Girlfriend put half a tub of Vaseline on her head, and then for good measure, she smeared it onto the kitchen floor too.
The Vaseline, not her head.
Two baths later and she still had a greasy jerry curl... for real.
I was all out of ideas and putting off giving her yet another bath when we started baking... nothing says, "I'm Procrastinating..." like baking with a toddler.
You know how this story goes... I turn my back for ONE SECOND... and crack, crack, crack.... three eggs on the floor.
Twenty minutes later, because the floor hadn't been through enough with the Vaseline and the hat-trick of egg slamming... I decided to drop half a gallon of milk on it.
The milk didn't just land on the floor... it went all the way up to the ceiling, and down the walls... cause ya know, it's liquid, and it splats.
So I mopped the walls, and then they dried a different color than the rest of the room.
Of course they did.
And the flying milk didn't just land on the walls, it also went all over my greasy Vaseline head child... who just stood there in her brother's rain boots with milk dripping down her forehead like...
Blink. blink. blink...
In case you're wondering... the milk did nothing to help get the oil spill off her hair.
And I just can't... I can't even... How could I get mad at this stuff??...
So I didn't... instead I laughed...
Like laughed my ass off...
And my greasy daughter is standing there covered in milk giving me a blank stare and blinking at me like... "This is not the time to go insane!
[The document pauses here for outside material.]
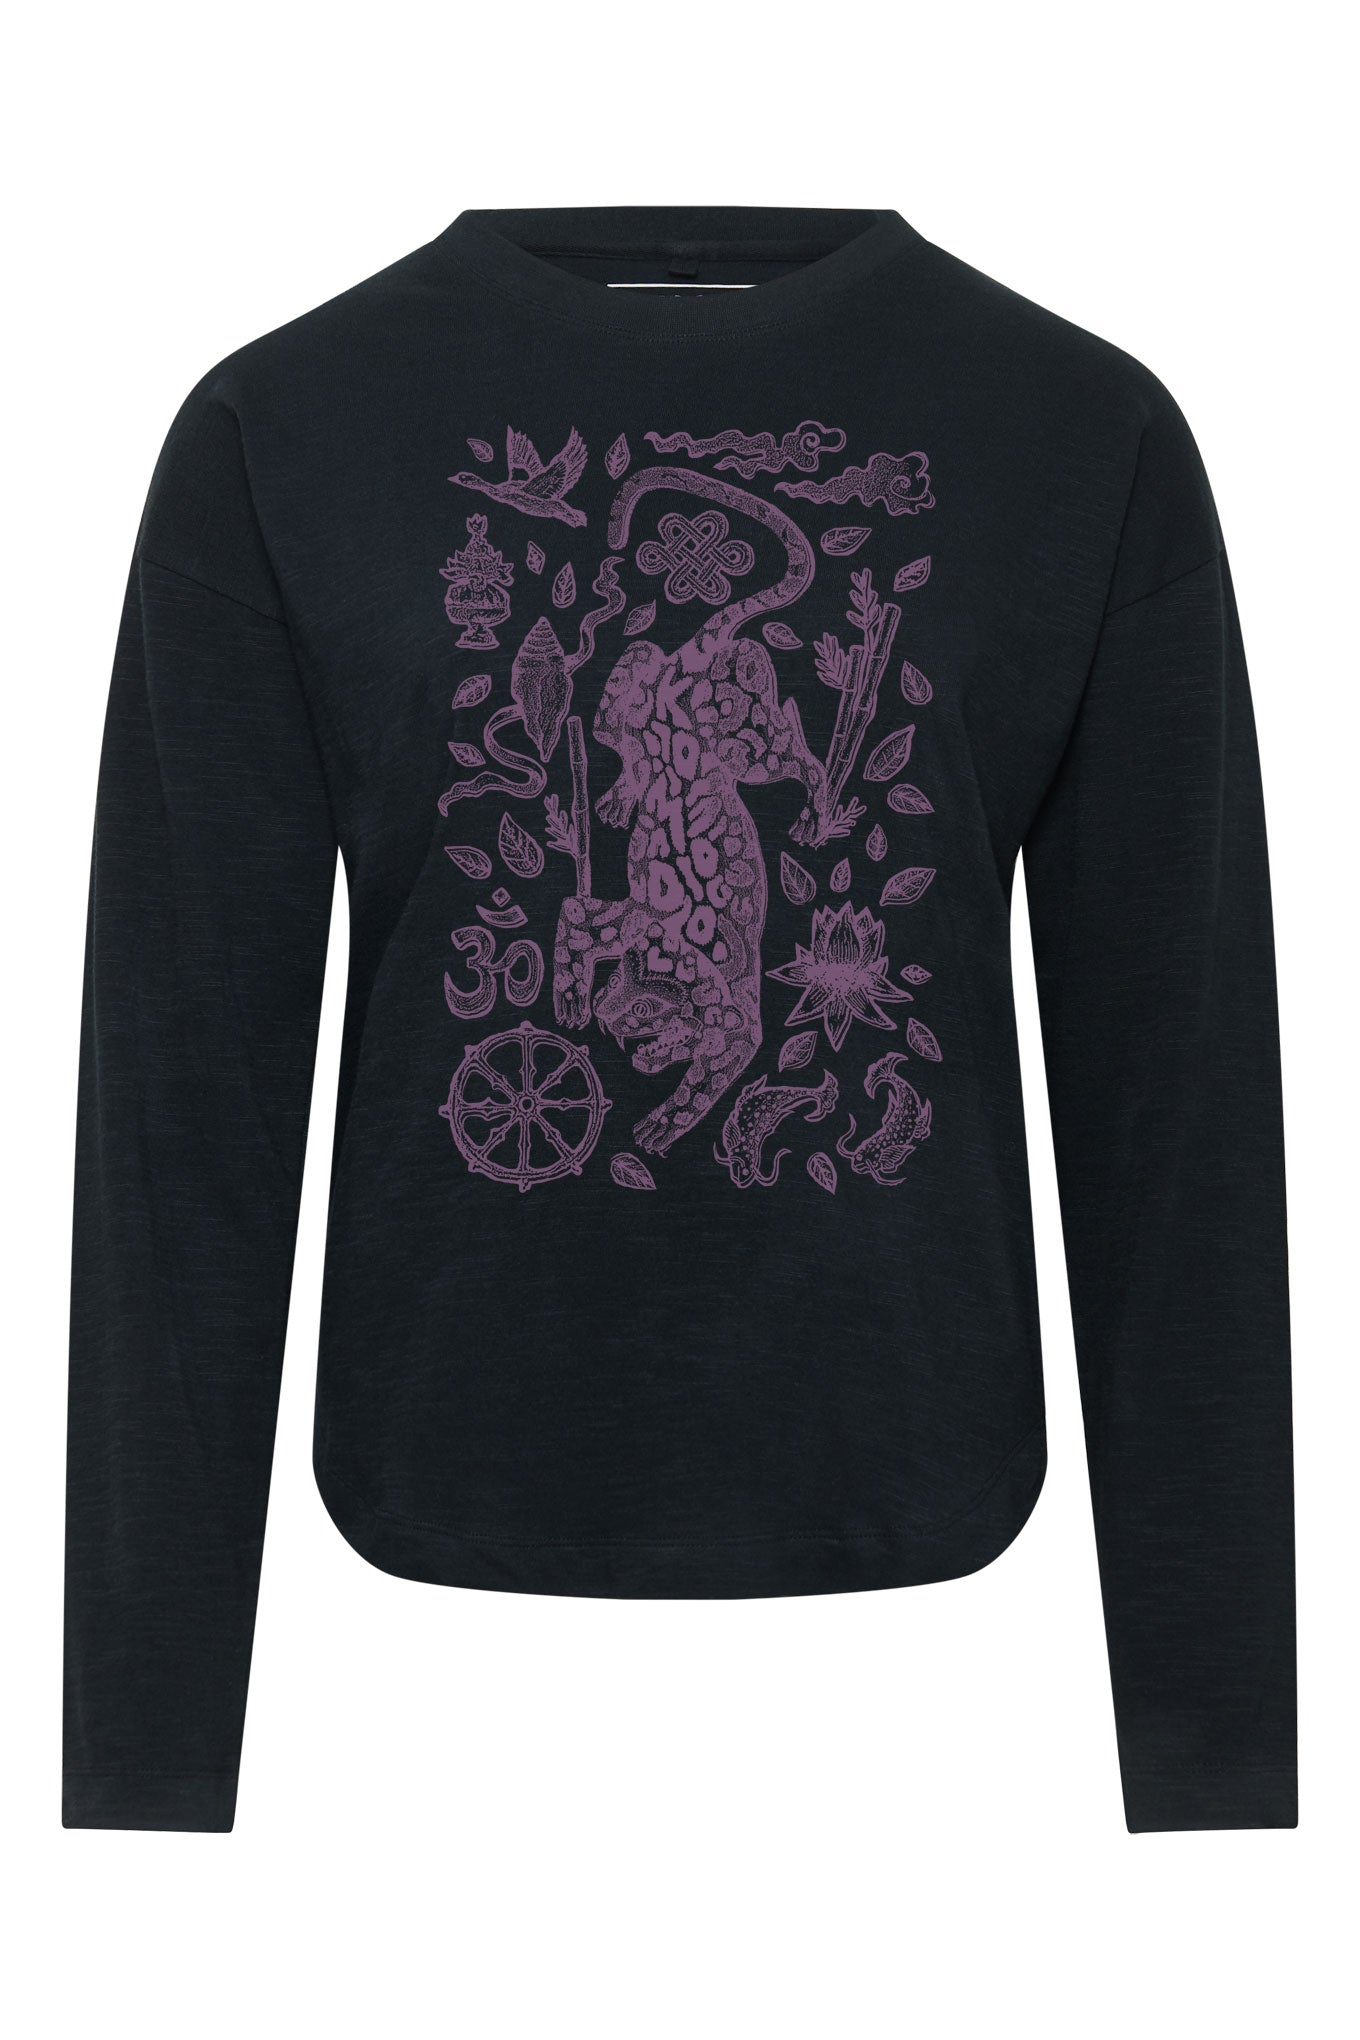 Schwarzes, langärmliges Shirt NEPALI LEOPARD aus 100% Bio-Baumwolle von Komodo

I am covered in milk! Stop laughing and CLEAN ME UP!"
I'm looking back at her, with tears running down my face because I am laughing so hard that now I'm crying... and I just can't even believe that this shit happens to me in real life.
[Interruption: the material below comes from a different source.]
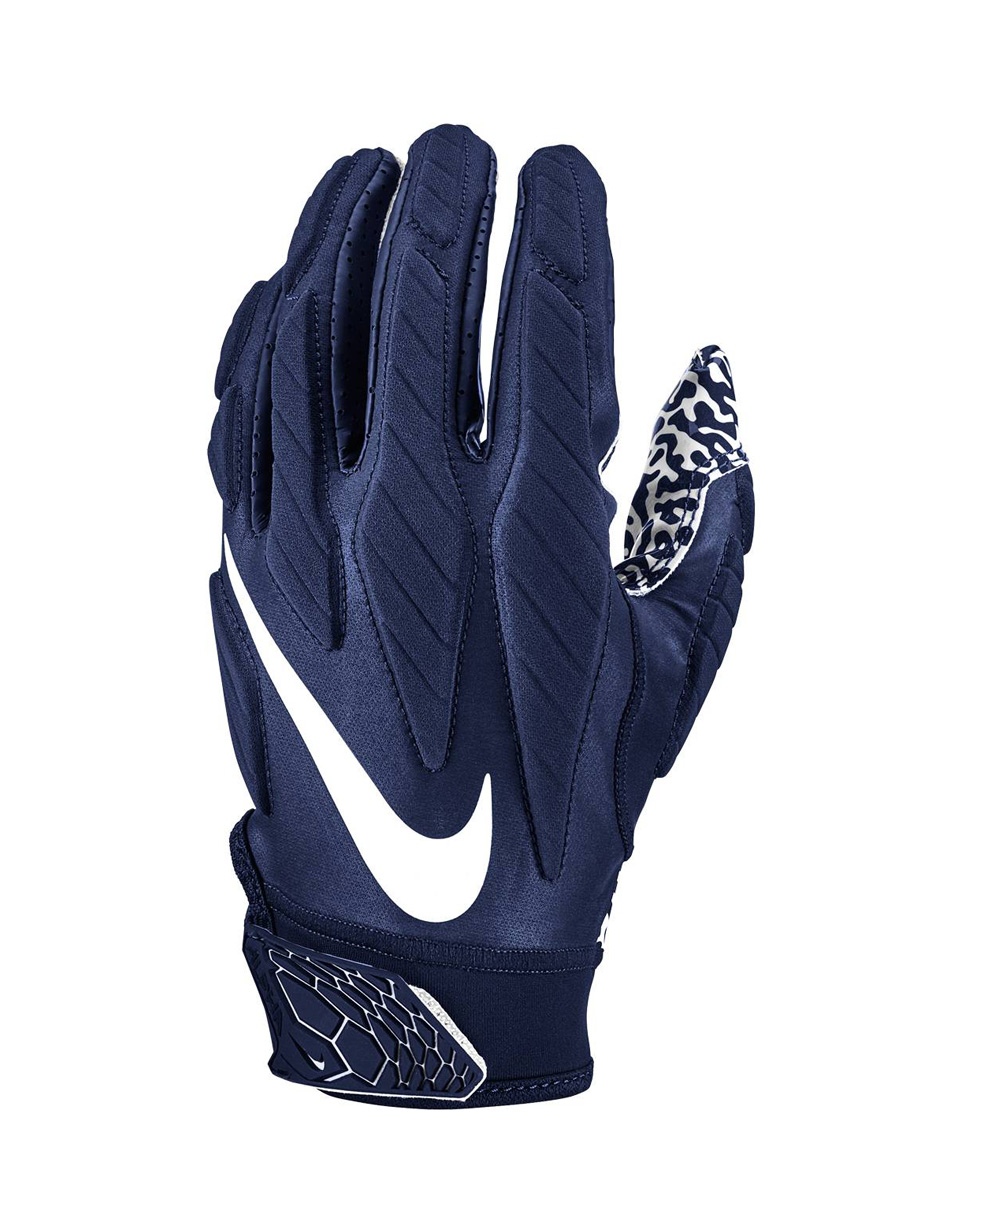 superbad 5.0 gloves

I spent a few minutes fanning my face and crossing my legs to stop myself from peeing on my feet...
And when I finally pulled myself together, we headed upstairs for bath number 3; which got rid of the milk, but not the Vaseline.
And as far as I was concerned, this was a small victory, because at least I knew for sure that no matter what the rest of the day had in store for us, and our kitchen floor... there was no way in Hell my little grease ball was going to get her head stuck anywhere.